WHAT IS NEEDED: Reproduce every line of the listing as written, apart from the pictures.

PROVIDED DATA:

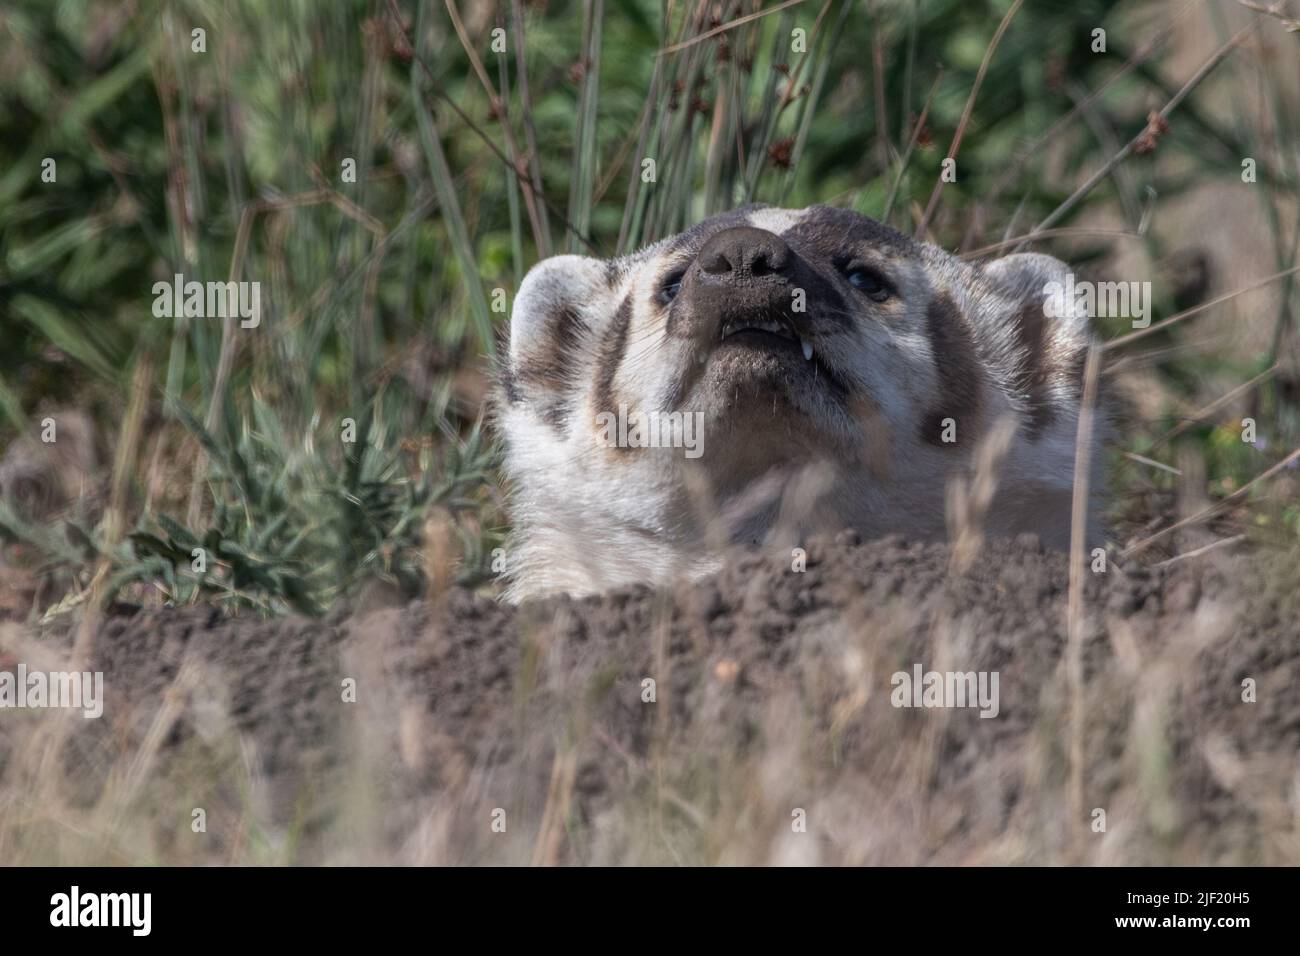 An American badger (Taxidea taxus) in Point Reyes National seashore in Marin county, California, USA. Stock Photo
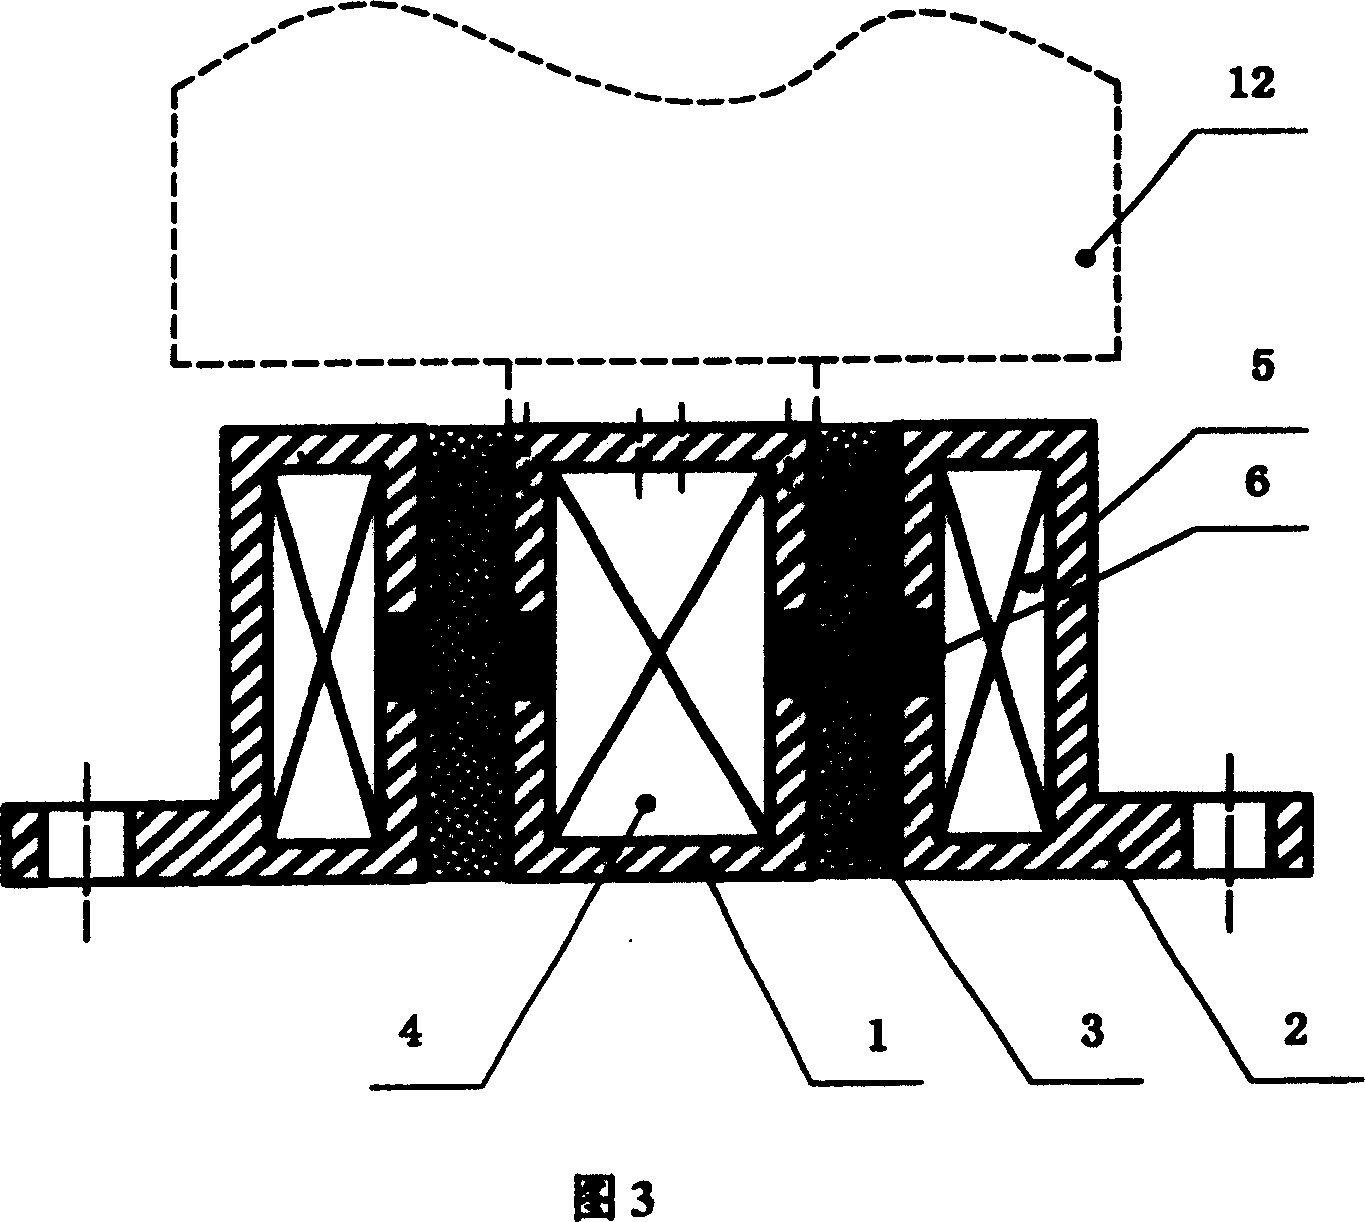 Vibration damper with controllable stiffness and damping
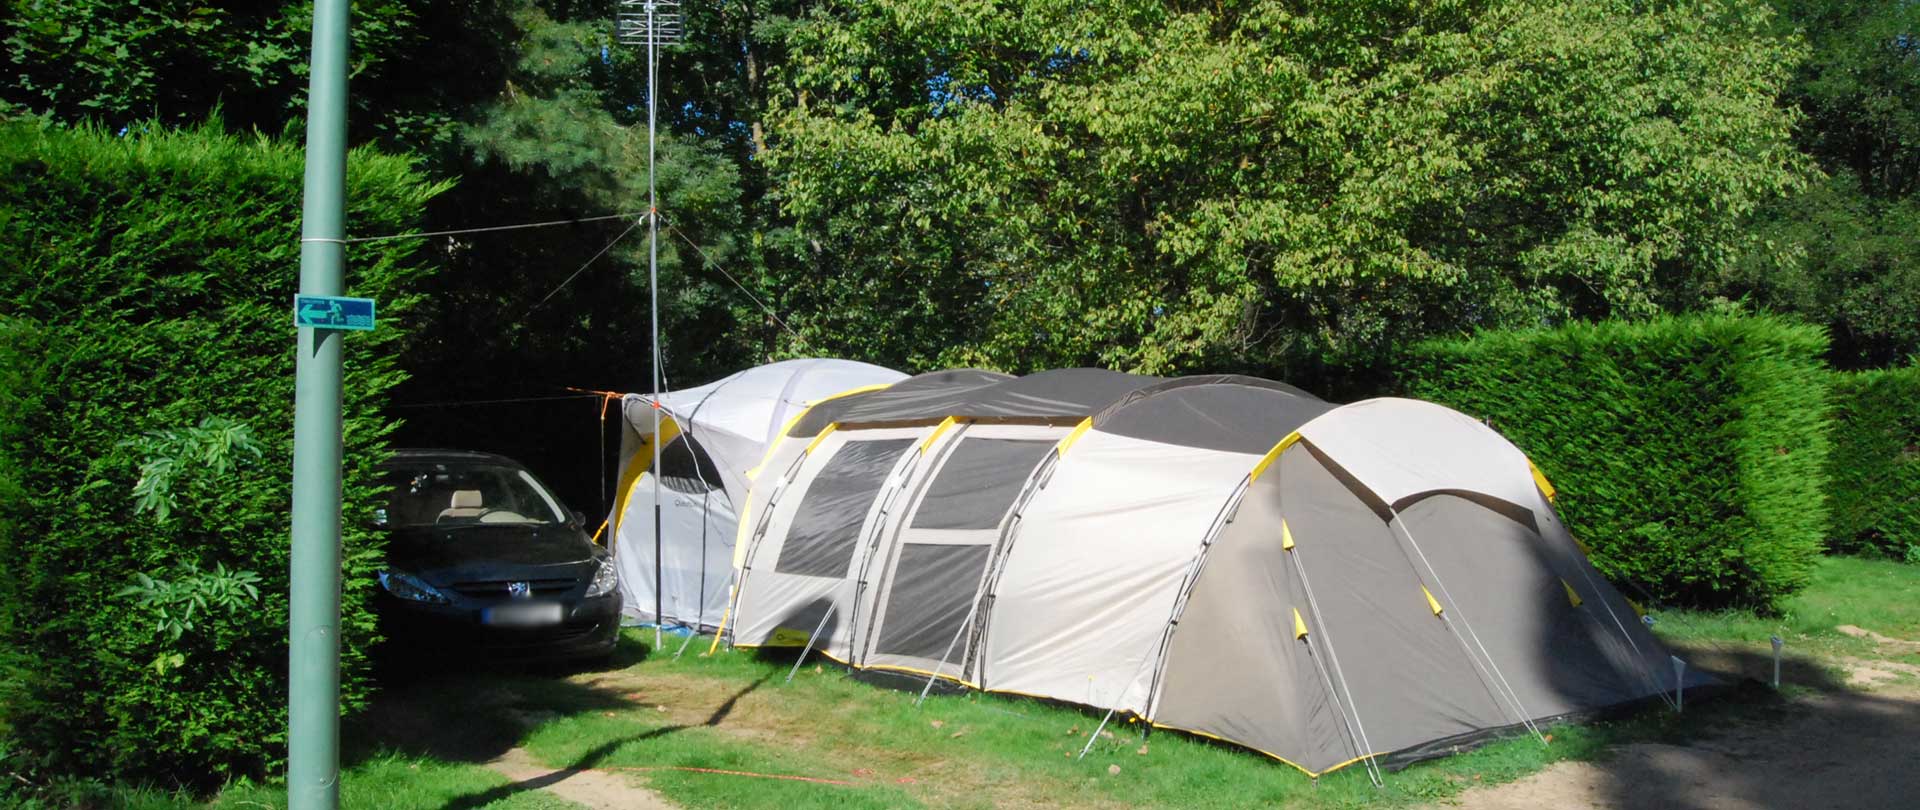 emplacement camping thiers puy de dome

TASK RESULT:
 An American badger (Taxidea taxus) in Point Reyes National seashore in Marin county, California, USA. Stock Photo
 Vibration damper with controllable stiffness and damping
 emplacement camping thiers puy de dome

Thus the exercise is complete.